- [Collected material]:
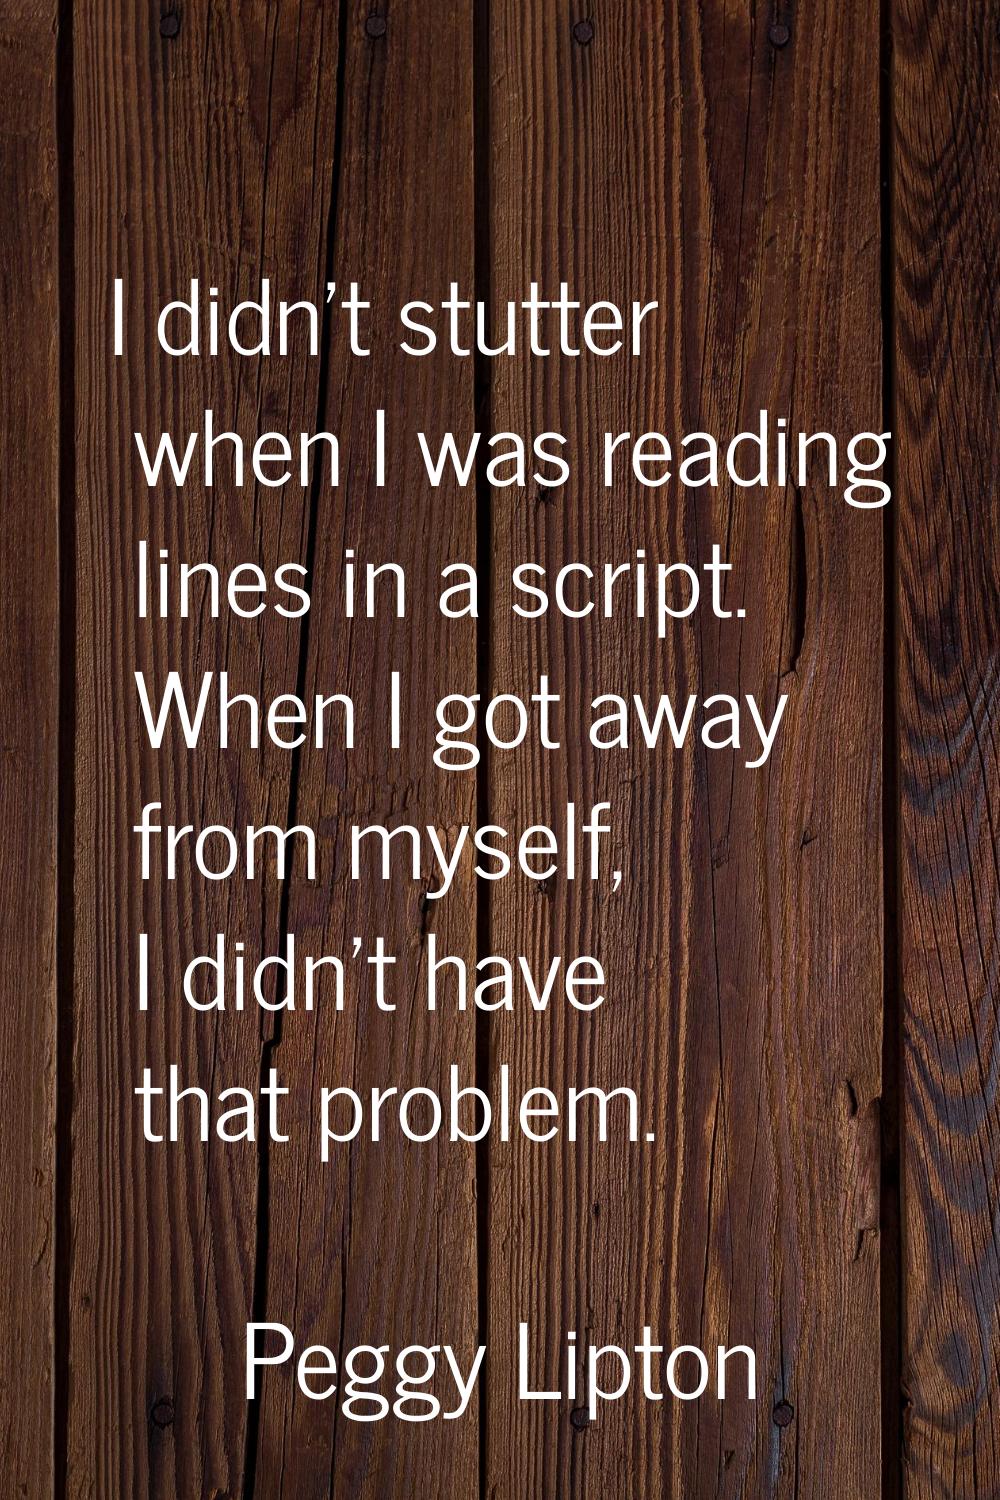 I didn't stutter when I was reading lines in a script. When I got away from myself, I didn't have t
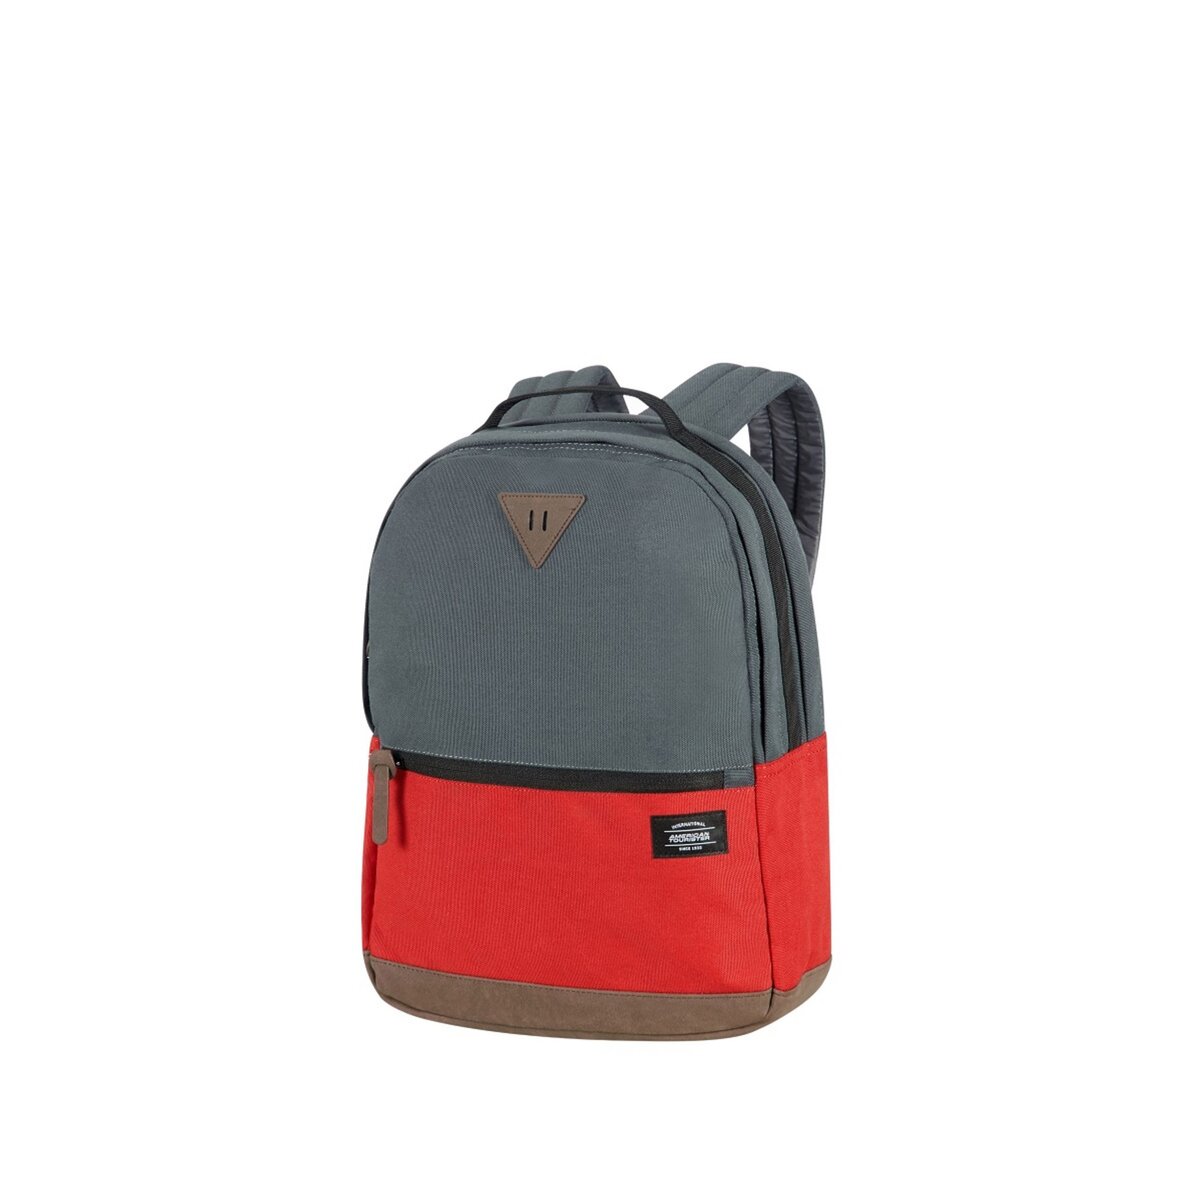 AMERICAN TOURISTER Sac à dos 15.6 Gris/Rouge URBAN GROOVE
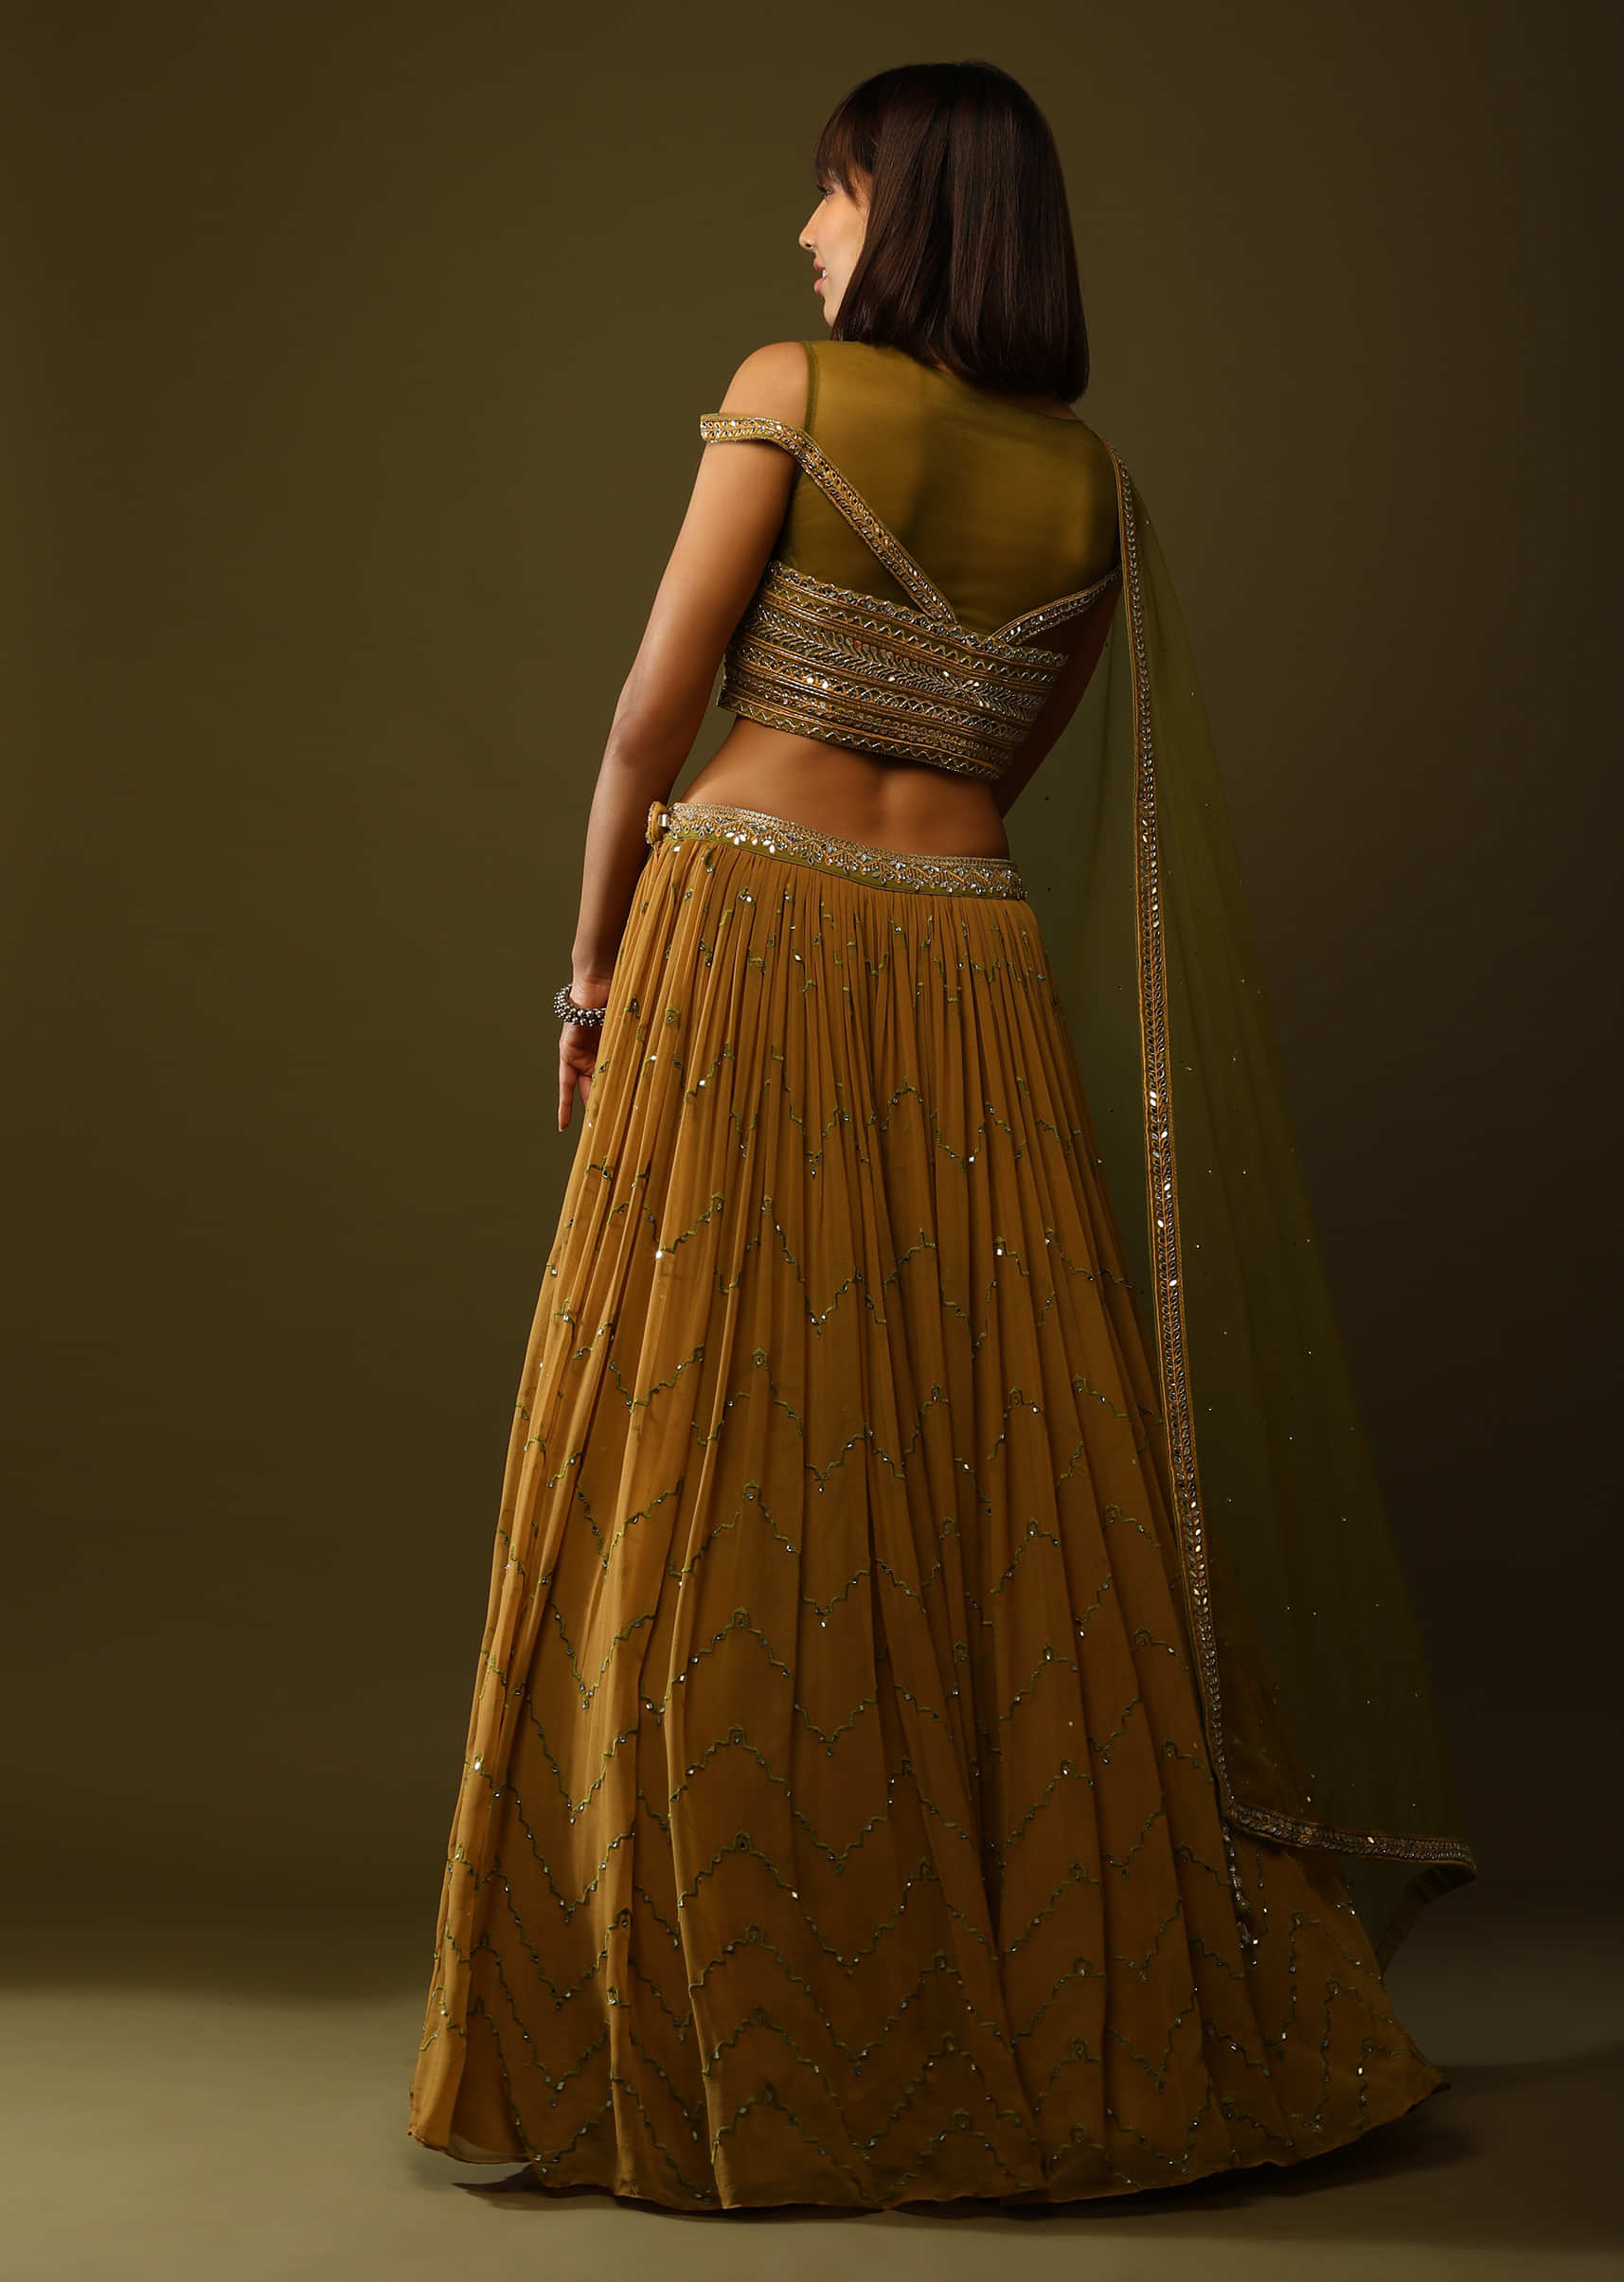 Ochre Yellow Lehenga Choli With Resham And Mirror Work And Cold Shoulder Sleeves Online - Kalki Fashion

- [What to do]: An unaltered copy of the material, without images, should be set down.

- [Output for this exercise]:
 I didn't stutter when I was reading lines in a script. When I got away from myself, I didn't have t
 AMERICAN TOURISTER Sac à dos 15.6 Gris/Rouge URBAN GROOVE
 Ochre Yellow Lehenga Choli With Resham And Mirror Work And Cold Shoulder Sleeves Online - Kalki Fashion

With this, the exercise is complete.